The World of Selfies

The World of Selfies

I think you’d all agree with me that everyone, ok maybe not e-v-e-r-y-o-n-e, but most certainly a high percentage of everyone’s Facebook friends has taken to taking selfies of themselves. Am I right? It seems to be the latest craze. And it is certainly the latest ‘in’ word as it made the Oxford Dictionary’s Word of the Year for 2013.

Anyway most of us would think that this craze started a few years ago when digital cameras and mobile phones with cameras made it easier to take photographs of ourselves. Wrong!

In fact selfies seems to be a whole lot older that that … a LOT older.

Australian genealogy company findmypast.com.au have done some checking around looking for the world’s oldest selfie, and have come up with two candidates. The first dating from 1839, the second from the 1920s.

According to the Library of Congress, this early daguerreotype was the “first photographic portrait”. It was taken by Robert Cornelius, an American metallurgist and pioneer of photography, around October 1839.

According to the Library of Congress, this early daguerreotype was the “first photographic portrait”. It was taken by Robert Cornelius, an American metallurgist and pioneer of photography, around October 1839

A group of New York photographers, 1920

A group of New York photographers, 1920

The photo above, snapped in 1920, is the self-taken portrait of five well-known American photographers; Uncle Joe Byron, Pirie MacDonald, Colonel Marceau, Pop Core and Ben Falk.

Uncannily similar to the selfies of today, it is visible that two of the subjects’ arms are stretched out to prop up the camera.

You can read the full findmypast.com.au post about it here, which has more details relating to each photo.

My great great great auntie Ida Vinblad (sometimes Winblad) was a photographer and had her own photo studio in Finland back in the later 1800s-early 1900s, and I have managed to find a few photographs that she had taken thanks to the Finna website. – which is a place for the Finnish archives, museums and libraries to put their collections together in a single place. Alas there is no selfie, or even a portrait shot of her yet. Maybe one day I’ll find something.

Anyway I’m not much of a selfie taker, not surprising since i’m not much of a photographer anyway. Kind of just the point-and-shoot-kind-of-person. But then again maybe I just haven’t mastered the art of it. I just can’t seem to get the whole still looking decent thing (or even at least half decent), which includes not pulling a face even though you think you’re smiling, and not having a double or triple chin thing happening. All of this as well as managing to push the button without chopping off your head, I find to be quite a feat.

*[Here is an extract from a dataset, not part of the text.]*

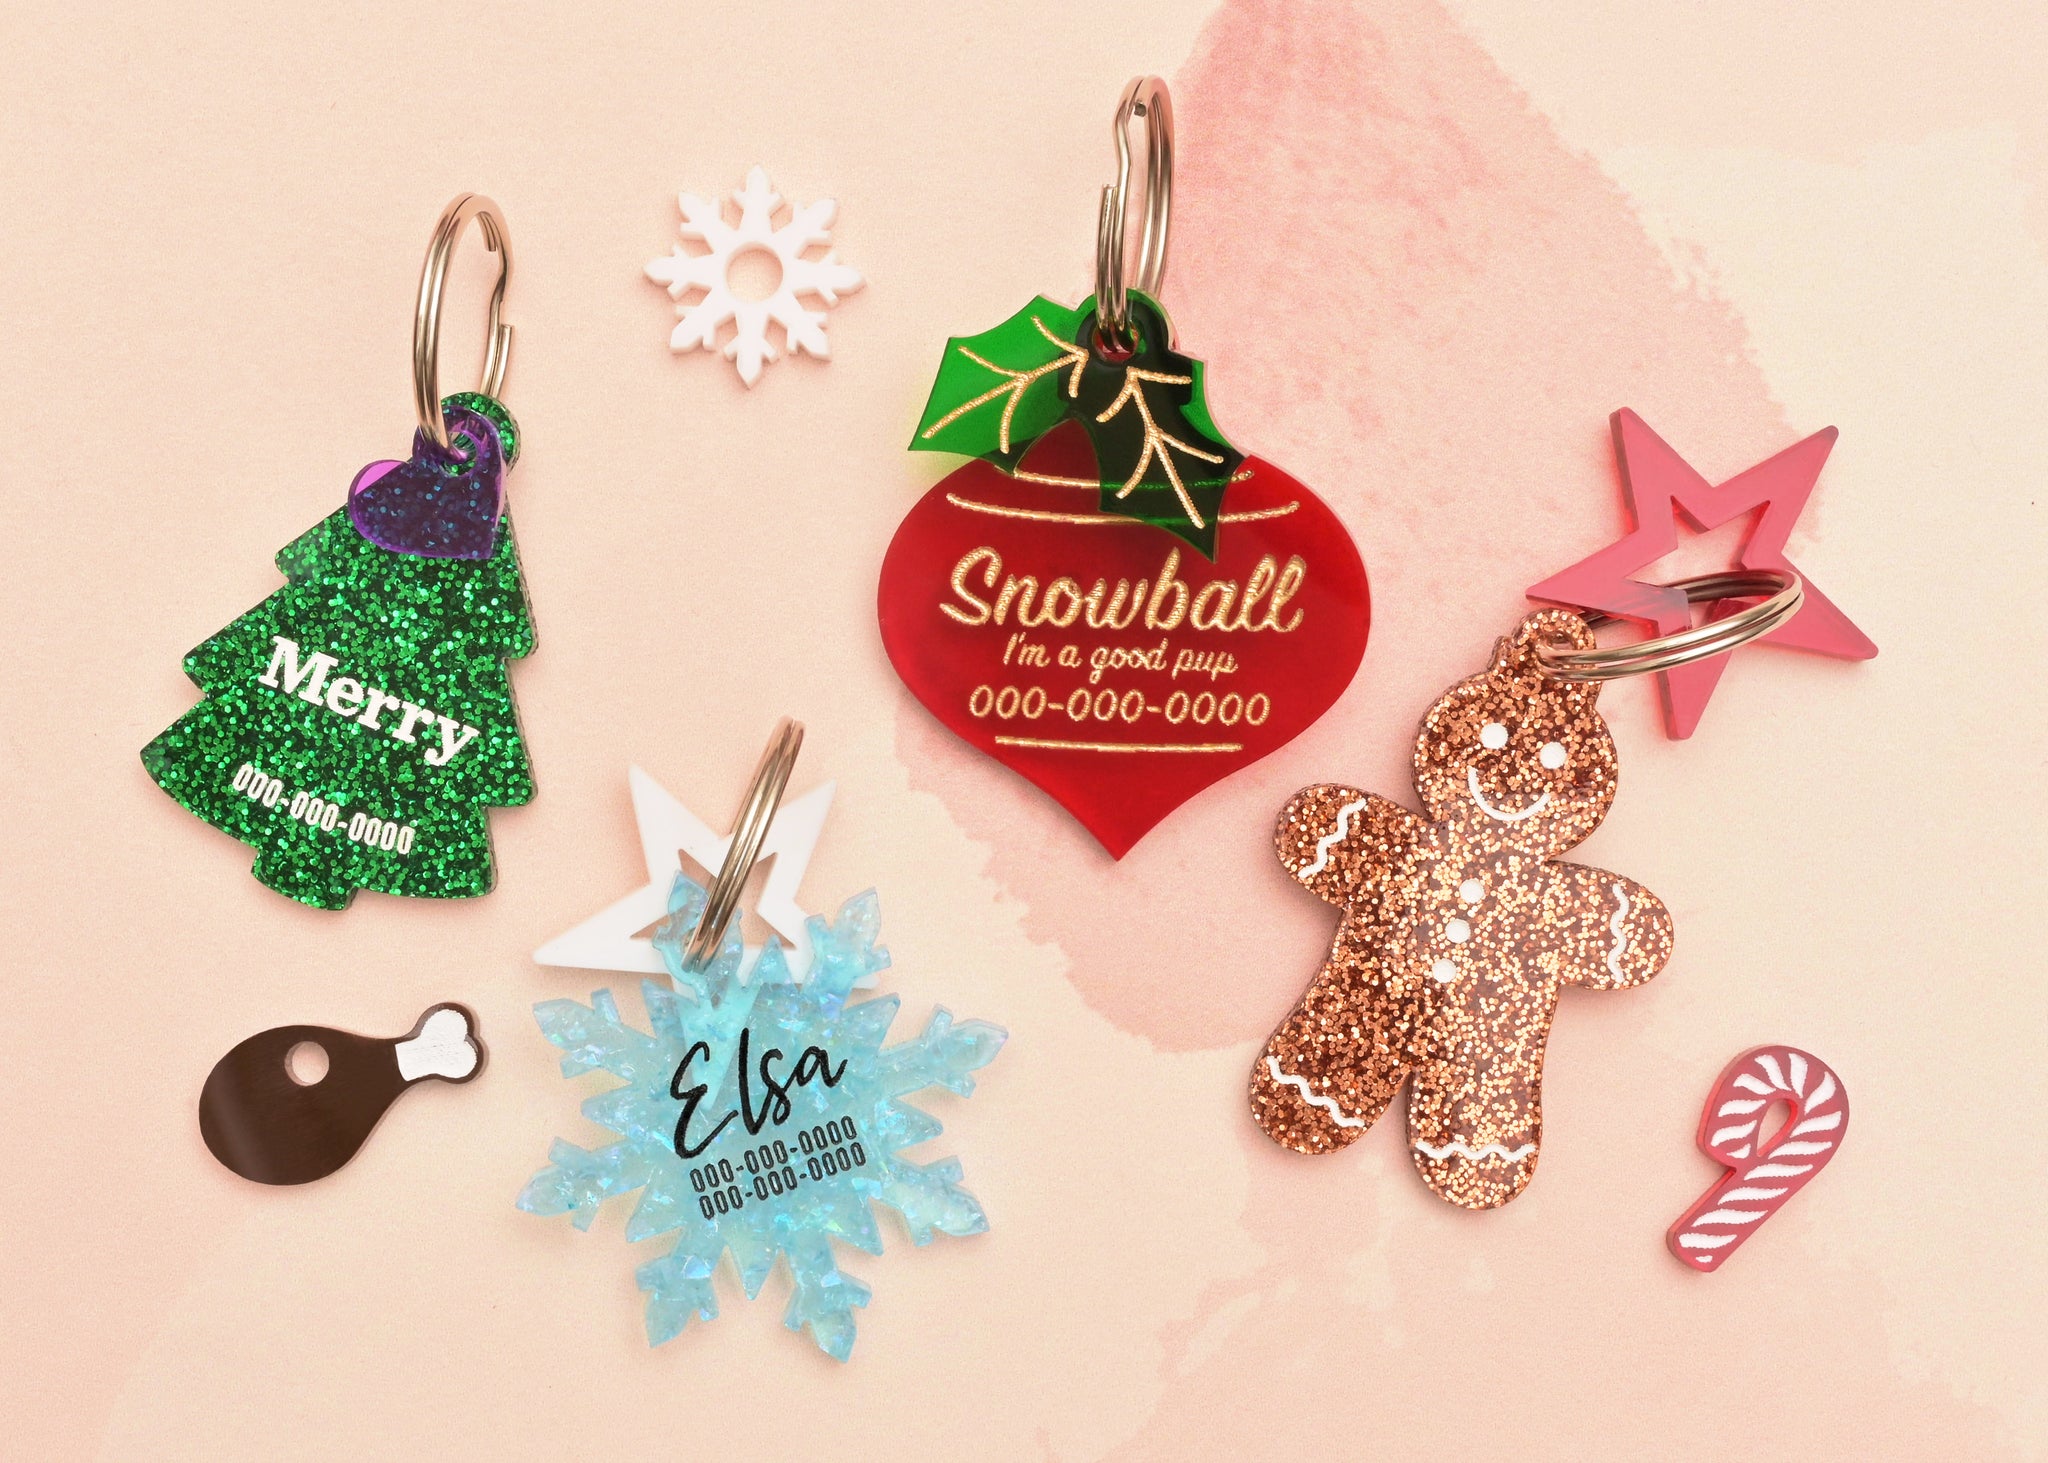 Etiquetas para mascotas navideñas, accesorios para mascotas de invierno, etiqueta para mascotas del árbol de Navidad, enlace a etiquetas para mascotas navideñas
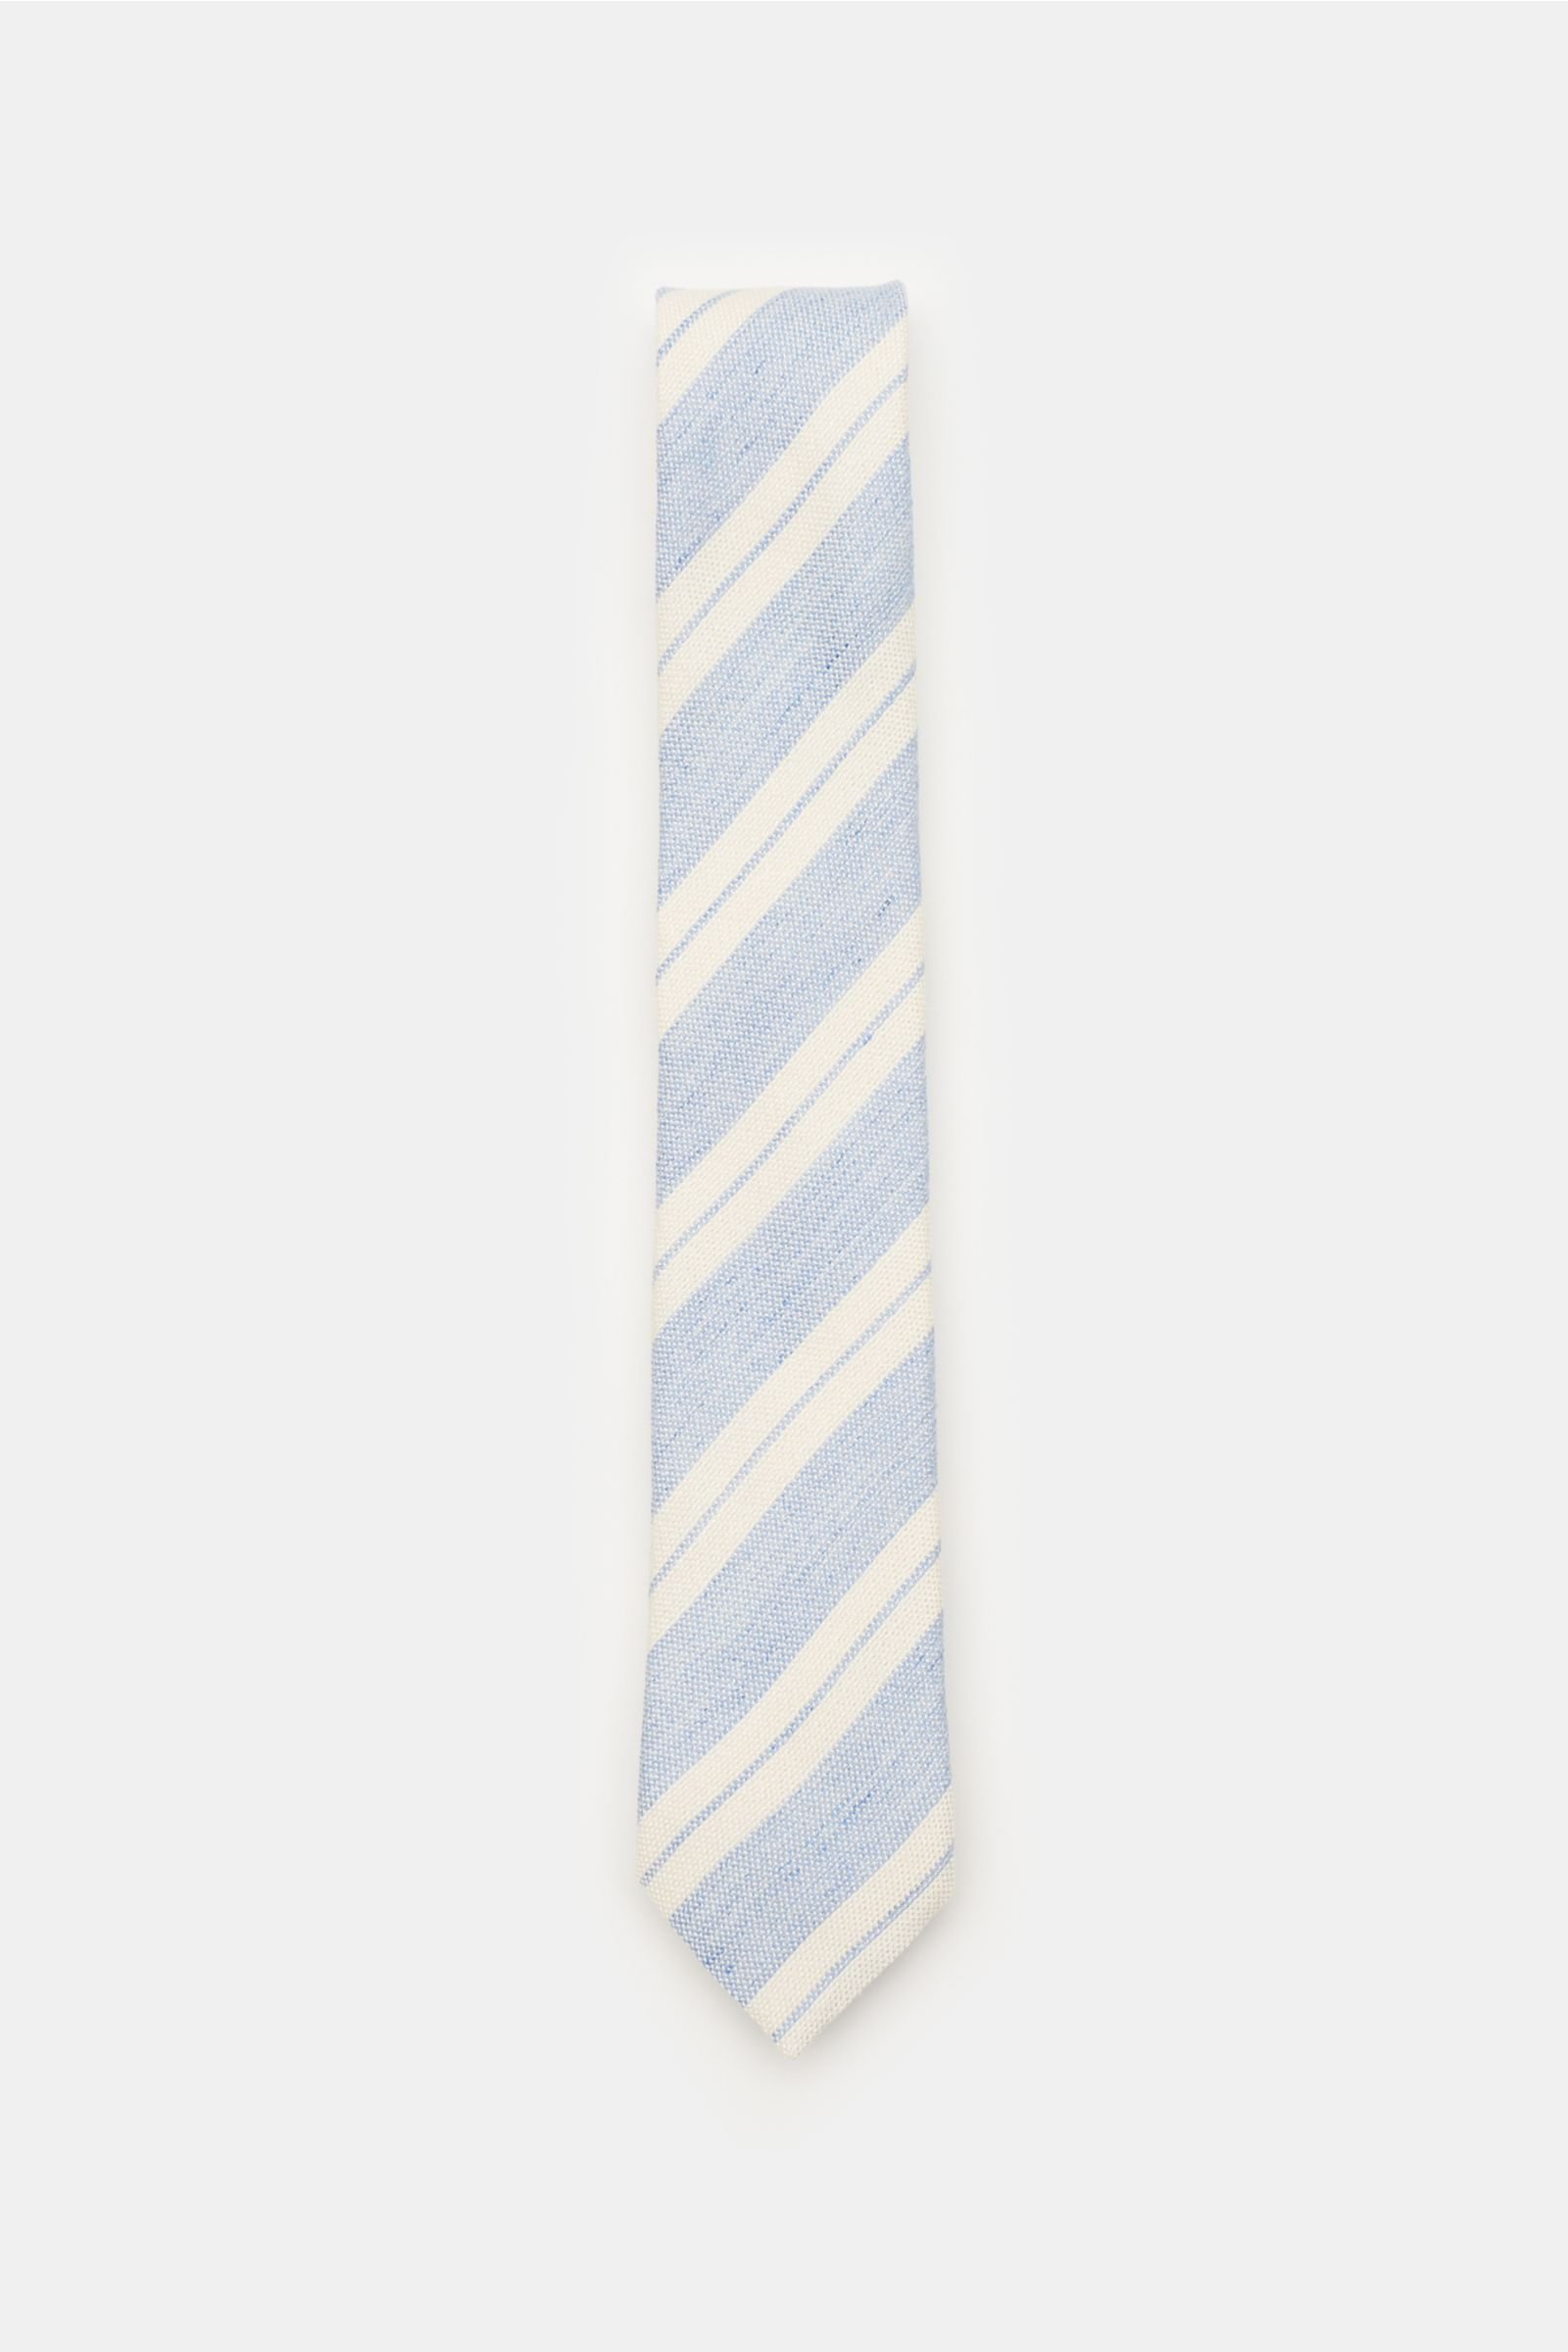 Tie light blue/cream striped

Fortunately with the advent of digital, it means those 25 or so pics you just took of yourself simply get sent to the trash bin, rather than you having to take your roll of film in to the photo shop, pay to have them processed and then be disappointed when you collect your photos.

Anyway the picture below is one selfie I do have of me that’s ok. It was taken at the Family History Library in Salt Lake City when I visited in March 2013 for RootsTech. I was busily checking through their microfilms seeing what records I could find relating to one of my families who went to New Jersey.

this is one selfie I do have of my, it was taken at the Family History Library in SLC when I visited in March 2013. I was busy checking through their microfilms

selfie of moi – taken March 2013

So are you a selfie taker? Are you reli’s going to have a great record of you and what you did, and where you went through viewing your selfies?